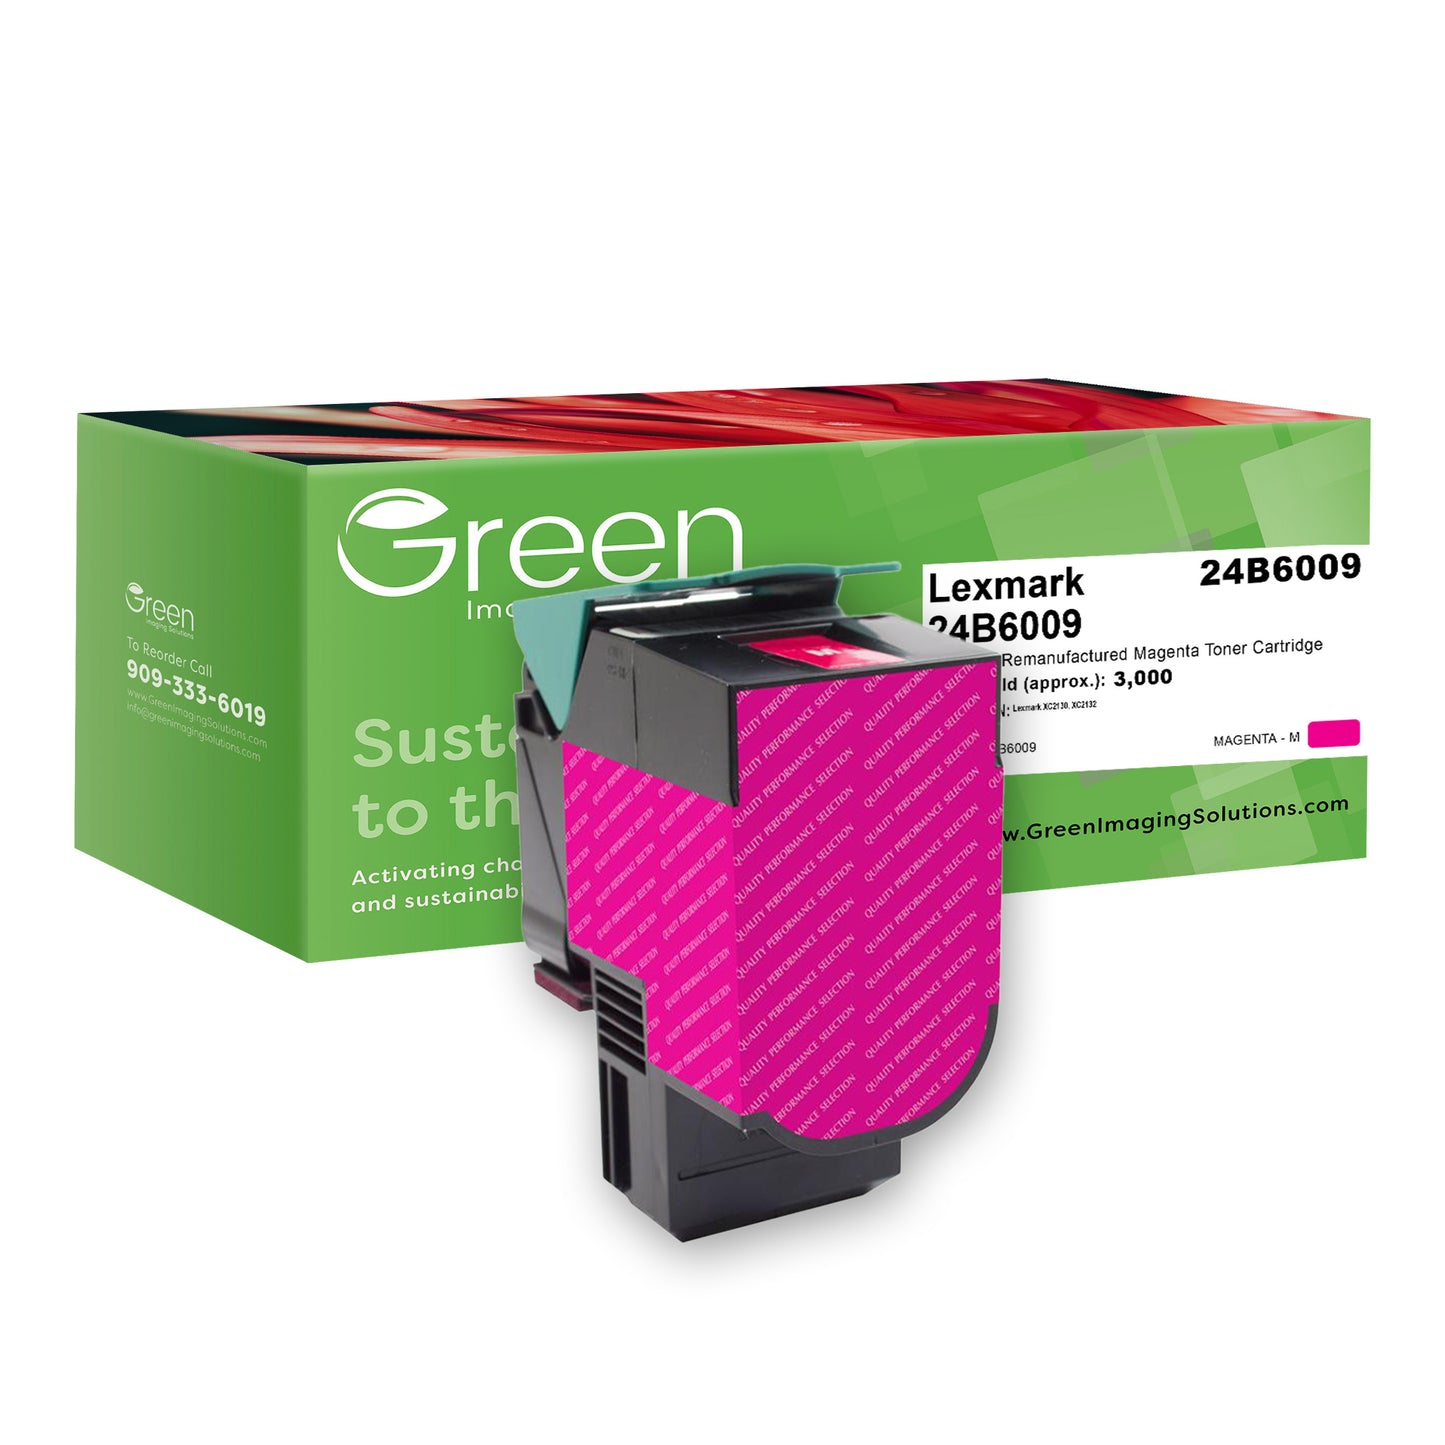 Green Imaging Solutions USA Remanufactured Magenta Toner Cartridge for Lexmark XC2130
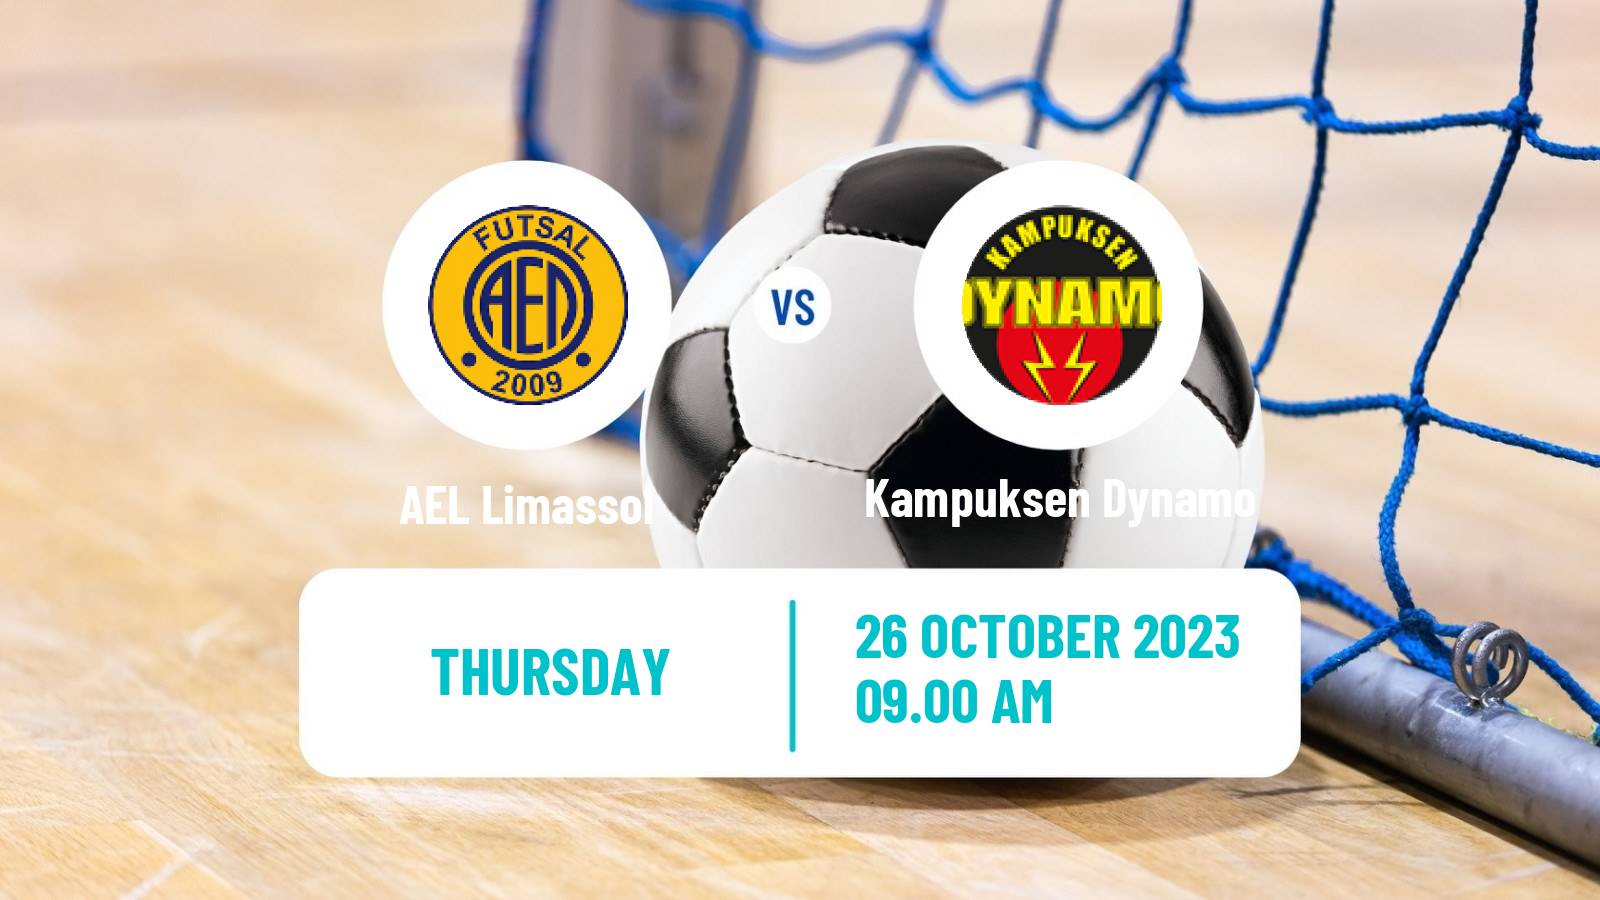 Futsal UEFA Futsal Champions League AEL Limassol - Kampuksen Dynamo
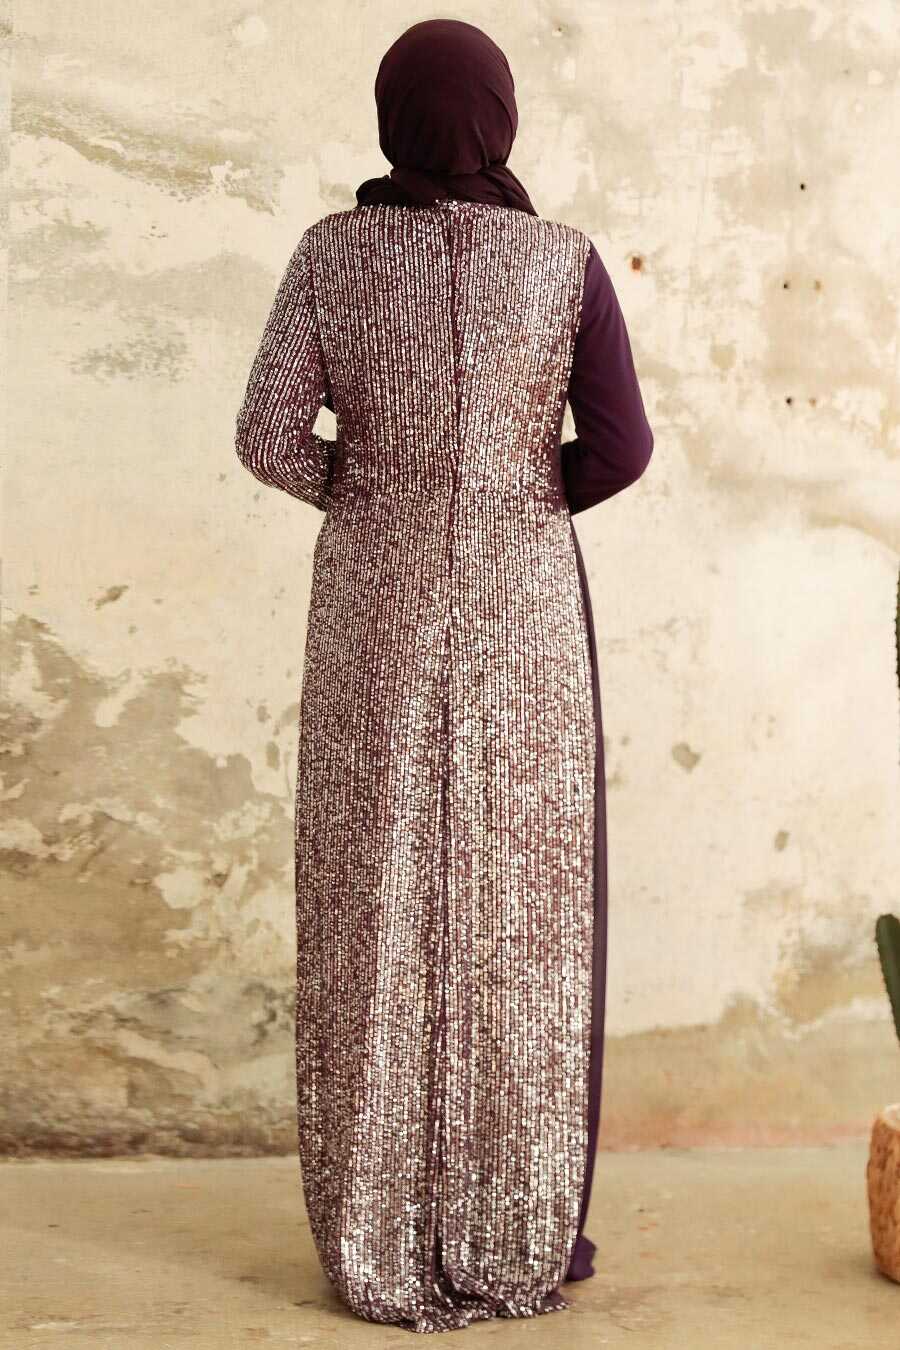 Neva Style - Long Sleeve Purple Islamic Prom Dress 25851MOR
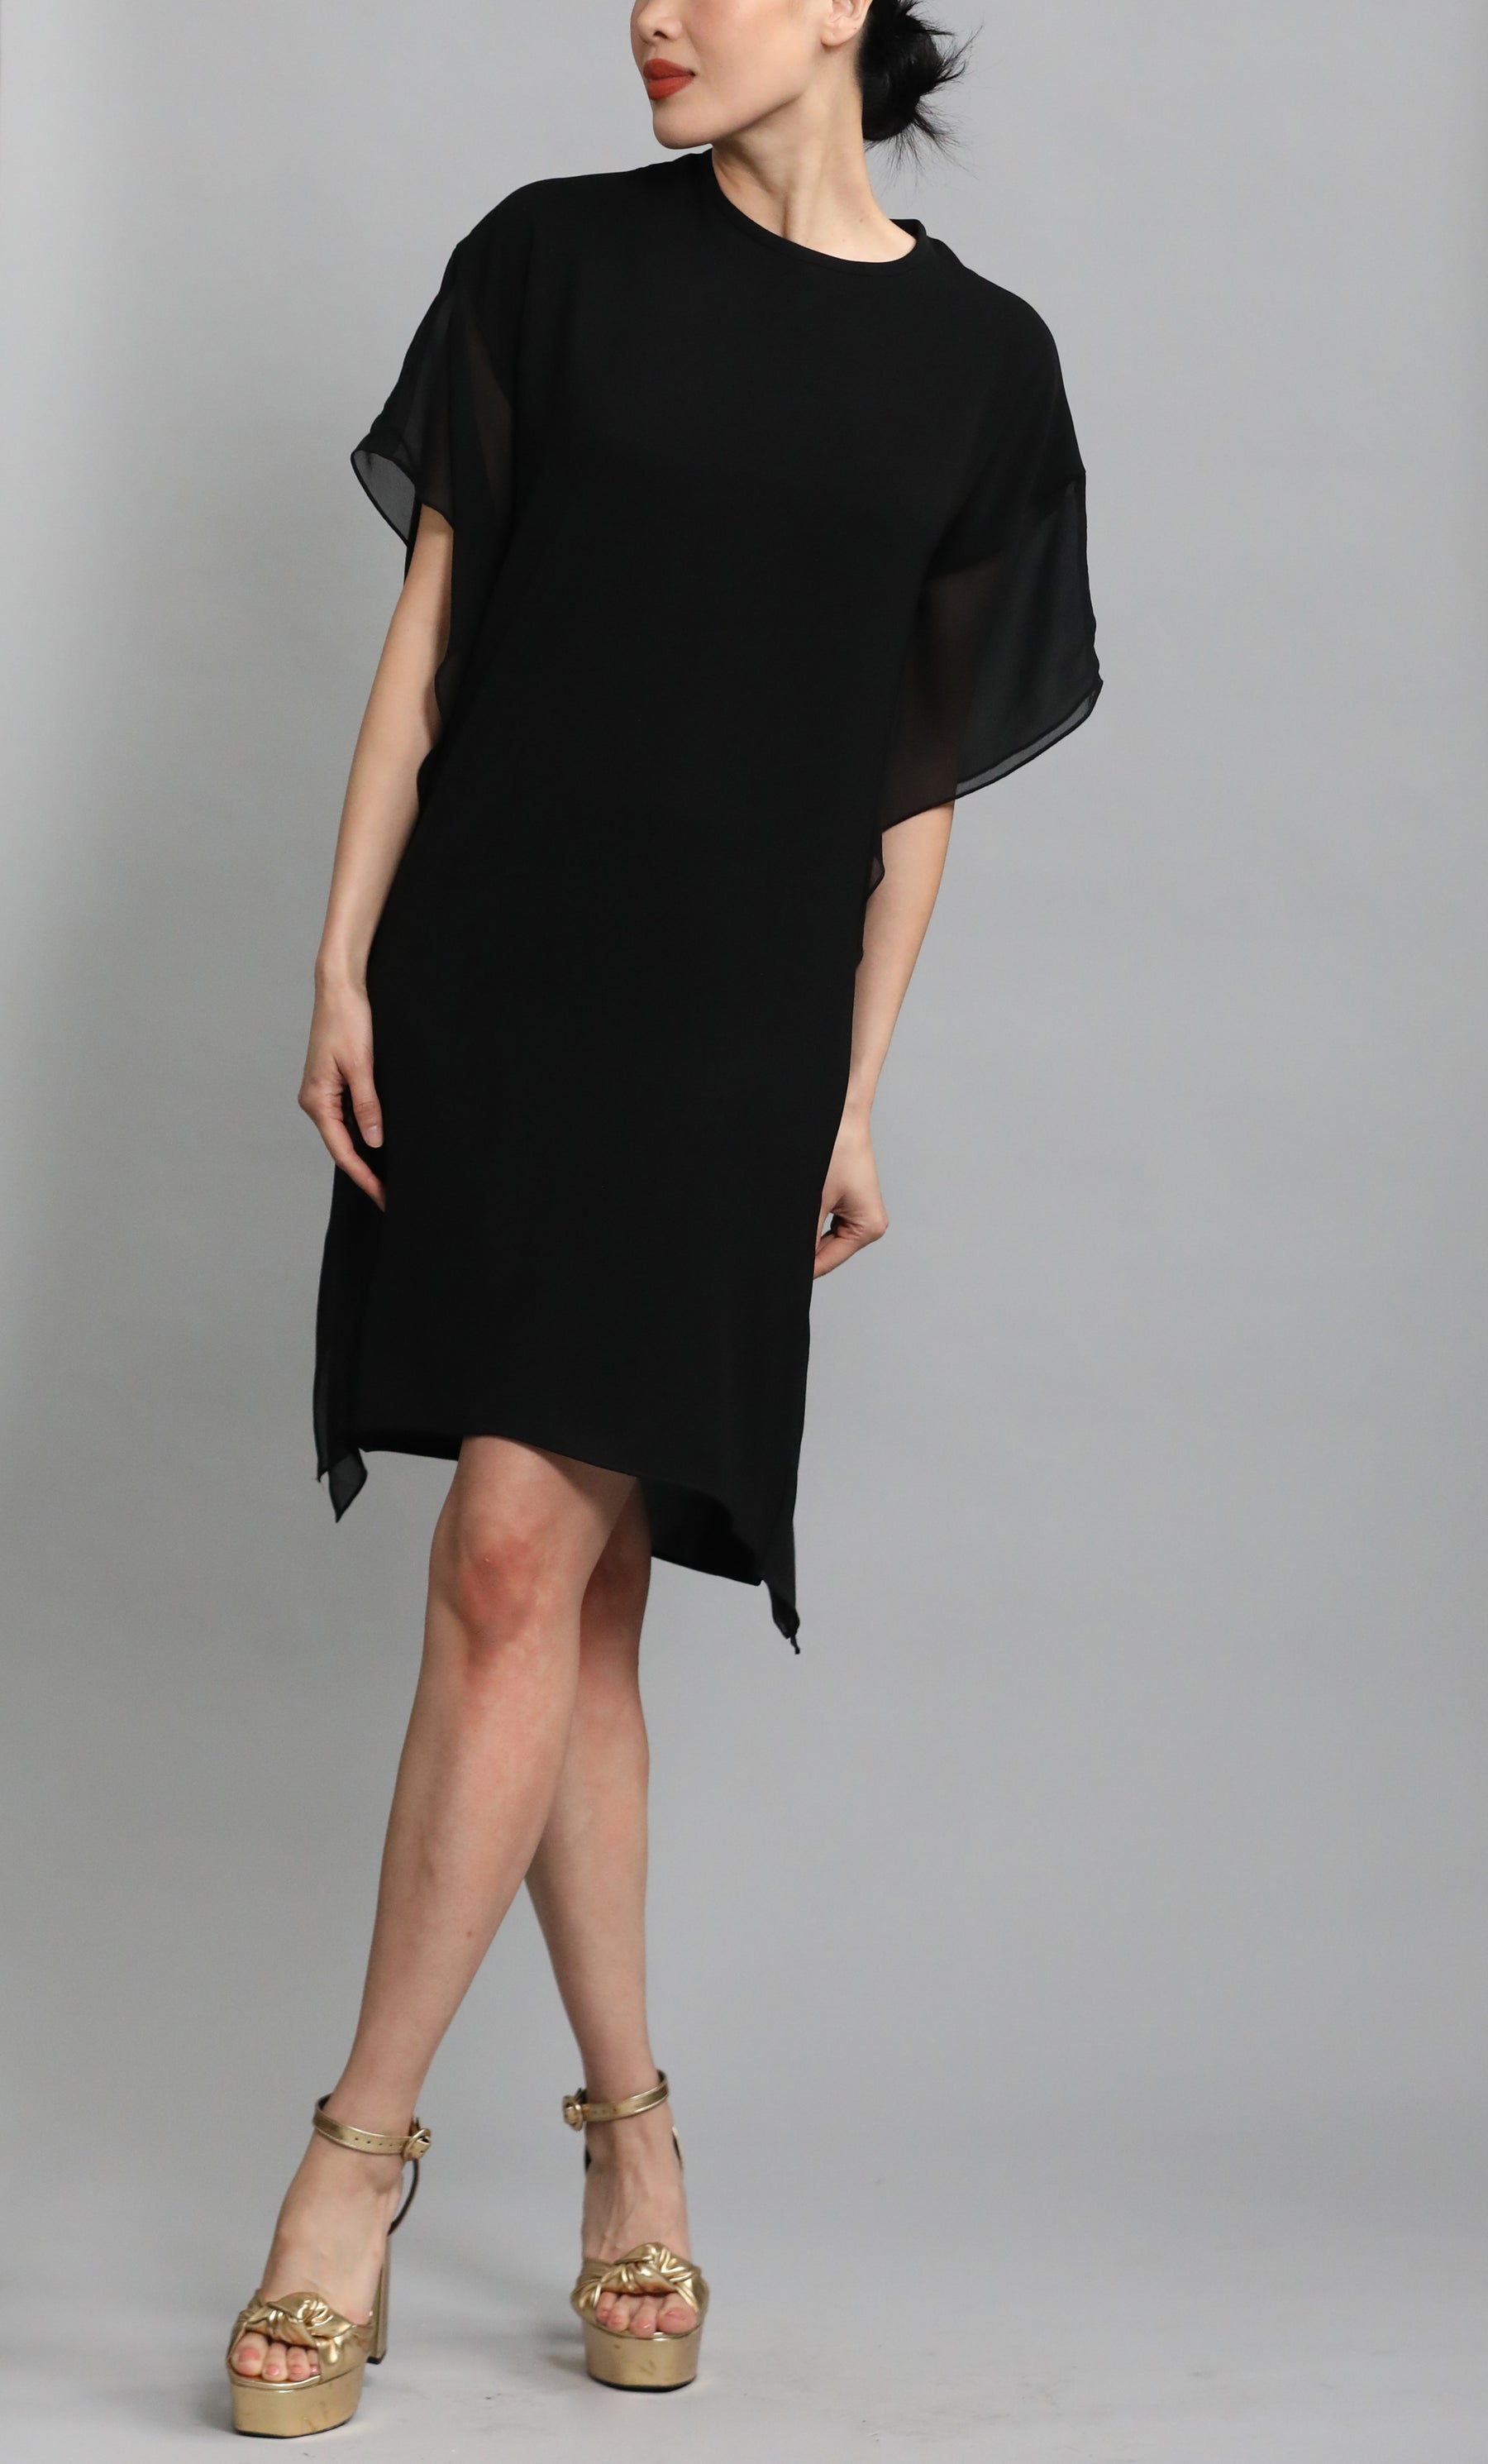 Black Mini Dress With Chiffon Sleeves

---

How to complete this task -
What you return should be the full listing, unchanged, minus the pictures.

Task answer -
 Green Imaging Solutions USA Remanufactured Magenta Toner Cartridge for Lexmark XC2130
 Futsal UEFA Futsal Champions League AEL Limassol - Kampuksen Dynamo
 Neva Style - Long Sleeve Purple Islamic Prom Dress 25851MOR
 Black Mini Dress With Chiffon Sleeves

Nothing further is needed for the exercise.